I think it's really important when you ask someone out that you tell them it's not really a big deal (even if it is, to you). Like "so I think you're kind of cute and I was wondering if we could go out sometime! if not that's cool too we can just hang out regular style" or something, because it can be really intimidating when someone's confessing their deep love for you and being super romantic. Especially when you're not that into them! Because you can tell they've built themselves up on this idea of being your romantic partner and then you're the one that has to tear that all down. It sucks!
Acting like it's not a big deal also helps with rejection in my experience! I asked out a friend a while ago and I said "it isn't that important but by the way I like you" and he was like "aw no thanks, you're sweet though" and it sucked but I was okay! I got over it really quickly because I'd tried hard to make sure I wasn't projecting this huge idea of ~romantic love~ onto him and it was fine and we're still friends and we talk still. 

It is different when you're a teenager though, especially because school and maybe your peers all have partners and you feel left out or you want a prom date or something.


----------



## Autumn (Apr 19, 2013)

don't act like you're *expecting* anything when talking to them


----------



## The Omskivar (Apr 19, 2013)

Depends entirely on the person, and your age/environment.  A little more information on that would be helpful, but general advice that always works is to phrase it as a statement, not a question.  For example "I think you're cute, we should hang out sometime" as opposed to "I think you're cute, want to hang out sometime?"  It's a little psychological trick that'll up your chances a bit.  Be confident, try your best to balance your hopes and expectations; high hopes and low expectations should even out to a pretty normal feeling.  Be casual, but don't be bored.


----------



## Zero Moment (Apr 19, 2013)

Humorously using extremely cheap pickup lines is a plus in my book.


----------



## Music Dragon (Apr 19, 2013)

Zero Moment said:


> Humorously using extremely cheap pickup lines is a plus in my book.


Yeah, do this. I usually go with "Hey baby, what do you want for breakfast tomorrow?" So far it's never worked, but come on. You know you want to!


----------



## mewtini (Apr 19, 2013)

Music Dragon said:


> Yeah, do this. I usually go with "Hey baby, what do you want for breakfast tomorrow?" So far it's never worked, but come on. You know you want to!


No I don't. Who wouldn't want to go out with MD?!

But yeah, I'm seconding what everyone (mostly) else said! It'll be super weird if you go "I've loved you since the beginning of tiiiime~~ Let's go out." and then she's like "bbbbut I don't like you aaaaa"! I'd say to phrase it as a more casual than romantic statement, like "Oh, want to hang out sometime?" Actually.

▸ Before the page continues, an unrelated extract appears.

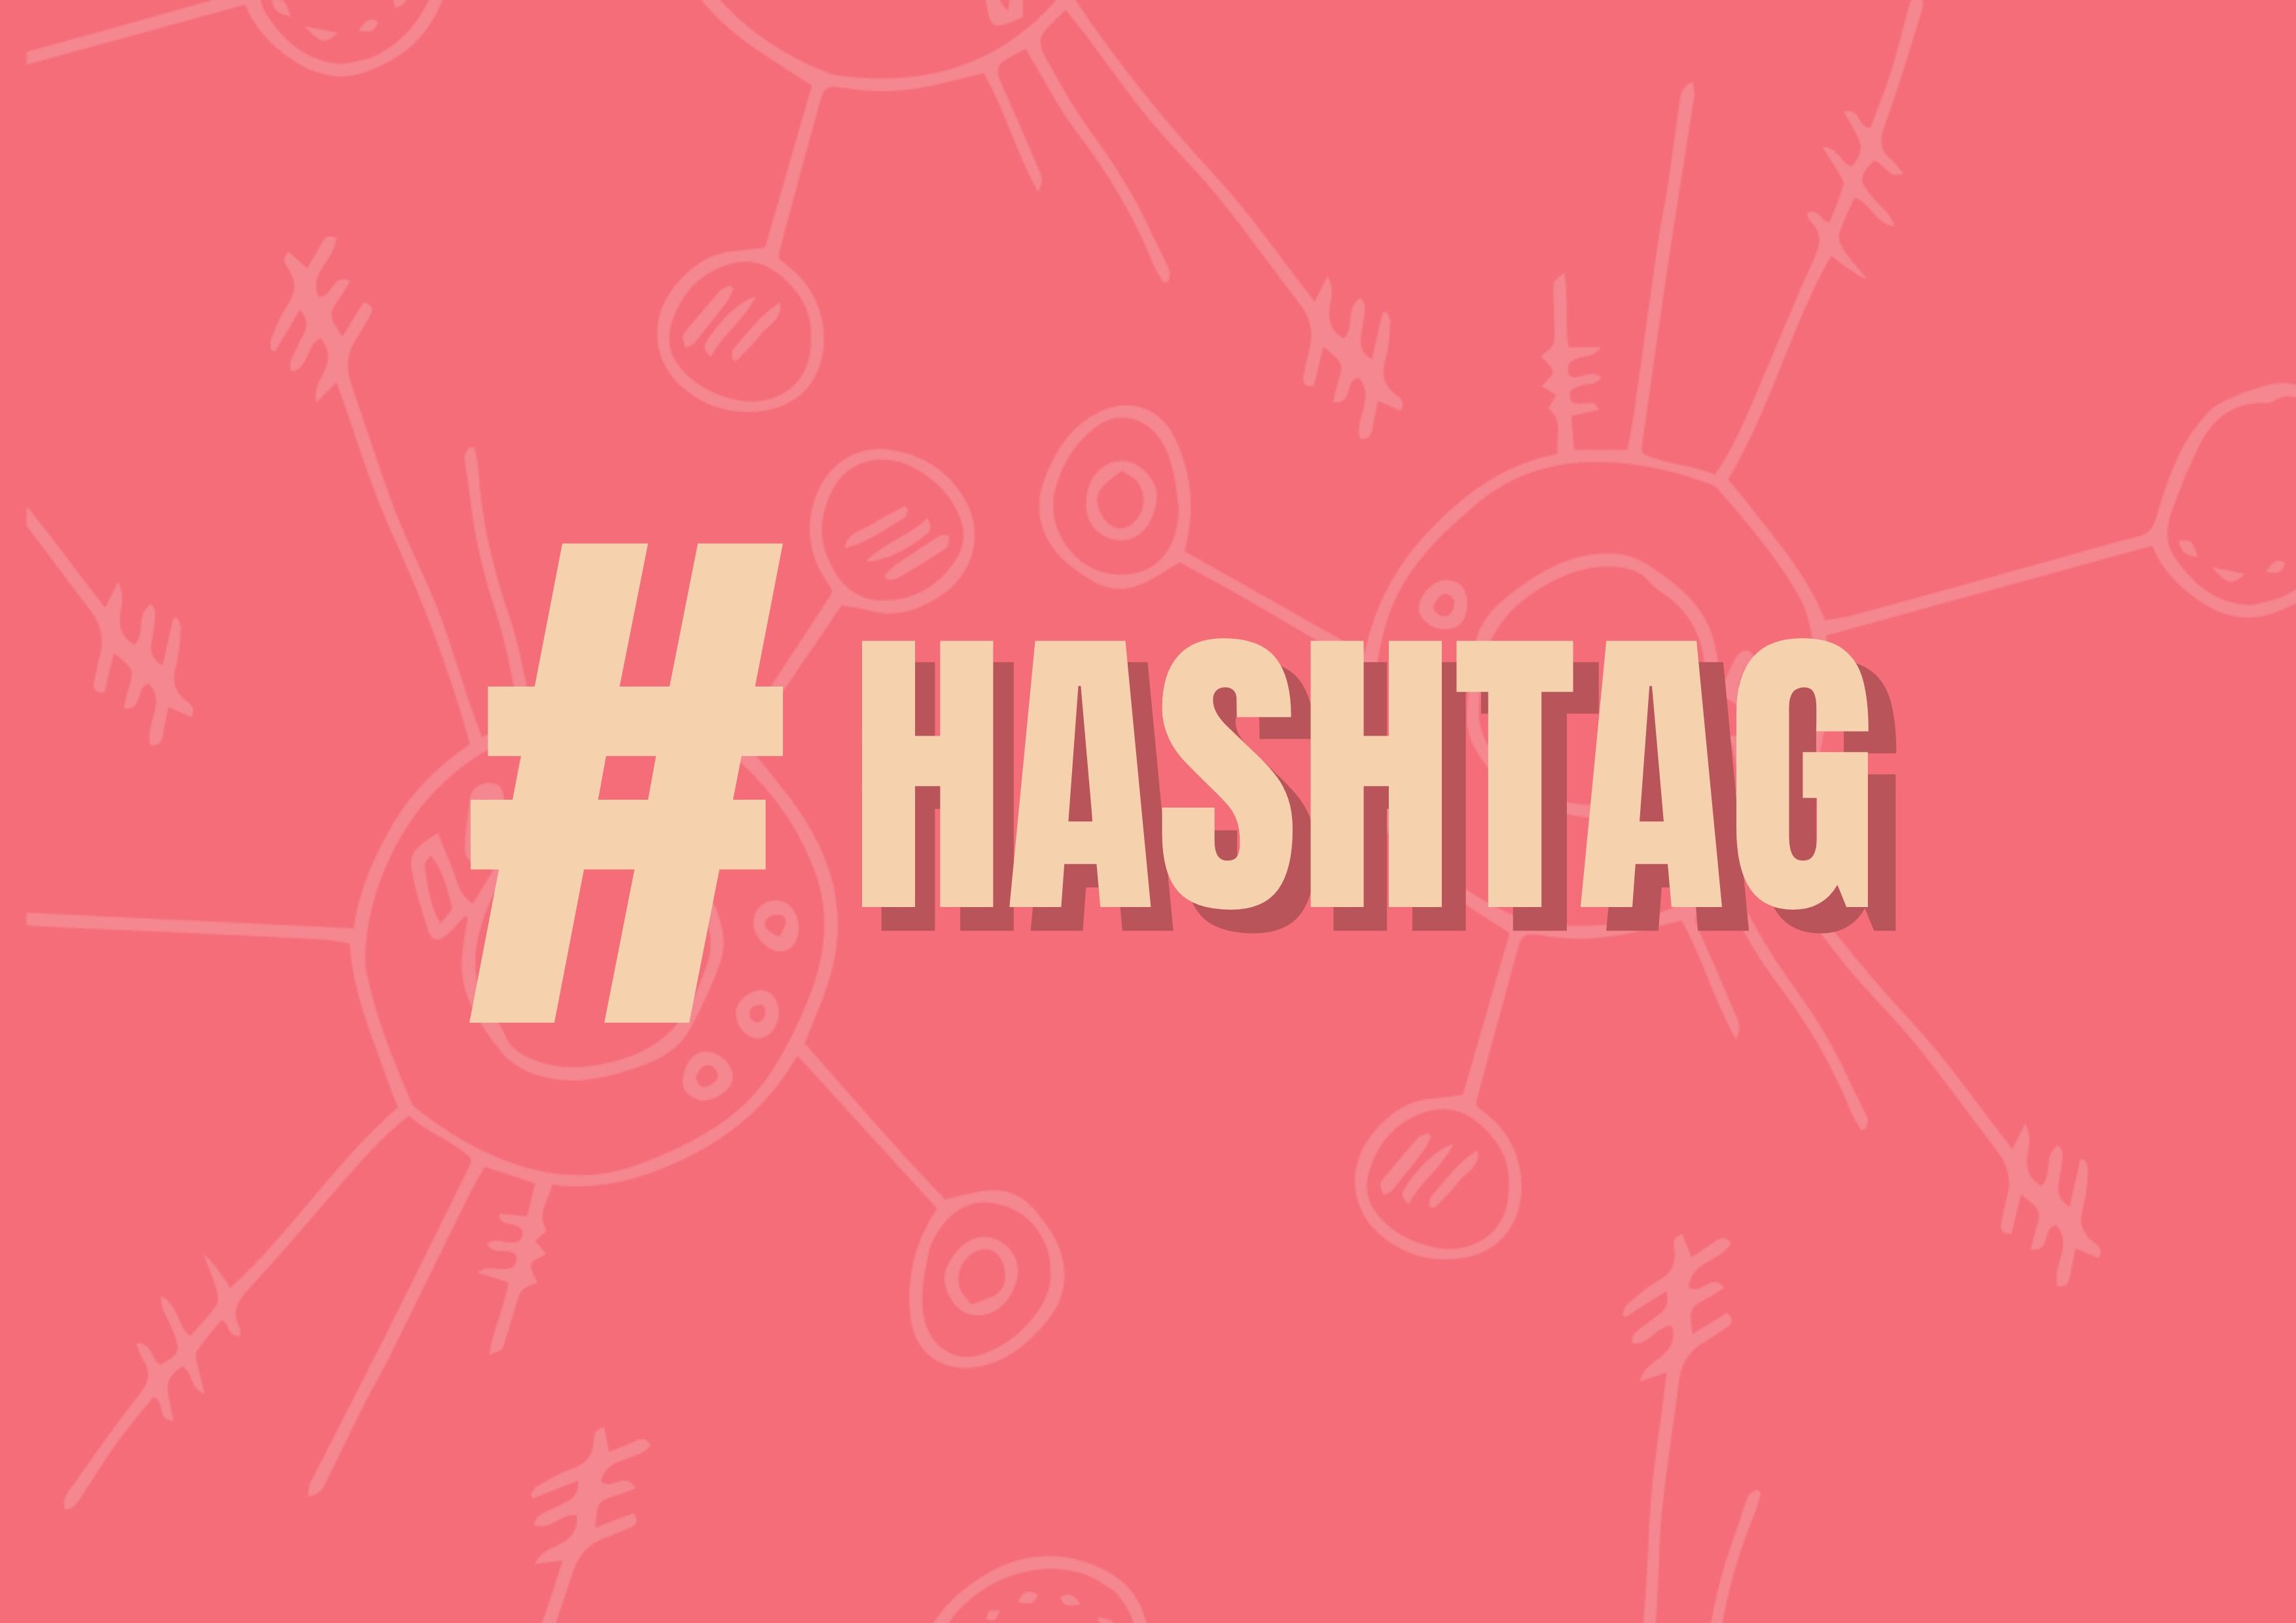 Roter Hintergrund mit "#hashtag" in Gelb als Titel - Warum du möglicherweise die Hashtags in deinen Beiträgen ändern musst - Bild

Are you guys friends? :o That might make it easier to tell her after you've become really good friends! Or something.

/uselessrambling


----------



## sovram (Apr 19, 2013)

Qvalador said:


> What would be the best-case scenario to you when it comes to someone asking you out?


1) I'm not dating anyone at the moment.
2) Don't act clingy. I hate to hear things like "I need you". 
3) Don't act like I'm obligated to accept. If I say no, that means no. Don't ask again.
4) Ideally, they are a wizard.
5) Make sure you actually have things in common. If you don't know, just try hanging out first.


----------